Sin duda, setenta y seis años son el doble de lo que la vida suele conceder por término medio a un romano. ¿Sin embargo, no hay sobrados ejemplos de individuos que superaron en mucho esta edad? Anacreonte, el poeta ebrio de amor, tan generoso con el vino como con las elegías y los yambos, dice (espero que en estado de sobriedad) que Argantonio, el rey de los tartesios, había alcanzado la edad de 150 años, Ciniras, el rey de los cipriotas 160, y un cierto Aigimio 200. Helánico, contemporáneo de Herodoto, informa de epeios que vivían en Etolia y llegaron también a los 200 años, y lo apoya Damastes, el geógrafo e historiador de Sigeón, autor de un recuento de todos los pueblos. Los reyes de Arcadia habrían llegado a vivir 500 años, y Perifo, un rey de la isla de los lutmios: 600. Ciertamente, casi recelo al afirmar esto, nadie inferior a Jenofonte de Colofón, el discípulo escriba de Sócrates, demasiado haragán para escribir, el que se erigió un monumento imperecedero con la Anabasis, dice saber que el hijo de Perifo vivió 800 años. En verdad, 800 años me parecen un dato resultante de la ignorancia de la época que en aquel entonces computaba un verano por un año, el invierno por un segundo año y a veces cada estación por un nuevo año. Sin embargo, aun si se divide el número de acuerdo con lo antedicho, el resultado sigue siendo considerable.
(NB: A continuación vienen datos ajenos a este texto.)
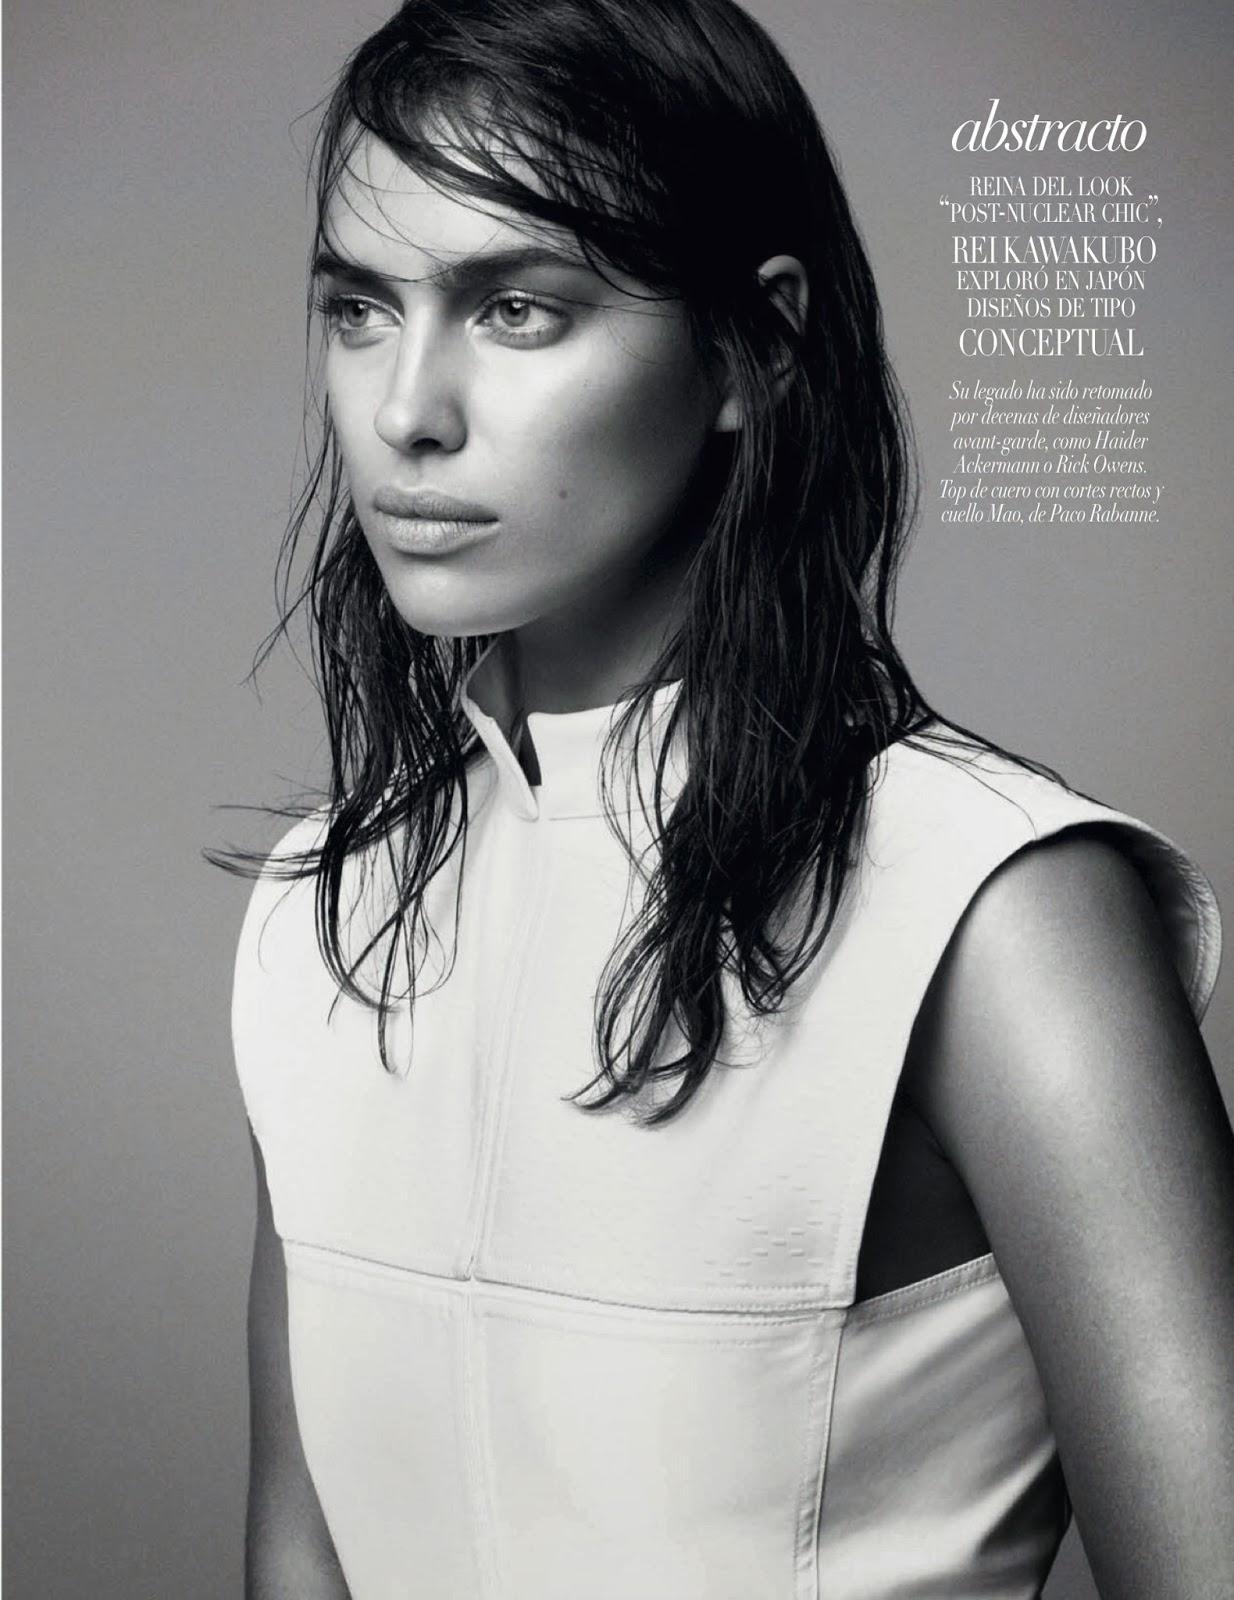 Irina Shayk Vogue Arabia Magazine Photoshoot Janeiro 2014

El roble reverdece y me promete nueva vida, ¡Júpiter! ¿Aragantonio de Gades no gobernó 80 años, como se puede probar, después de acceder al trono a edad avanzada? Masinisa, el príncipe de Numidia que combatió contra los romanos con tanta valentía en Hispania, ¿no dejó al morir a los 90 años, un hijo de cuatro? Y sobre Gorgias, el más grande de los oradores de los griegos ¿quién dudó seriamente de sus 108 años, en los que, gracias a su verbo, consiguió todas las riquezas? Hemos olvidado a Quinto Fabio Máximo, el legado de mi divino padre en la provincia hispánica, que el último día de sus funciones como Cónsul suffectus, falleció a los 93 años y a Marcos Perperna a quien llegué a conocer cuando era censor. ¿Alguien cuestionará sus 98 años de vida? ¿Algún romano de categoría y educación cuestiona acaso la persona de Marco Valerio Corvo (yo le hice erigir una estatua en el Foro para conmemorar su victoria contra los celtas con la ayuda de un cuervo, de ahí su nombre Corvo) sólo porque alcanzó la edad de 100 años?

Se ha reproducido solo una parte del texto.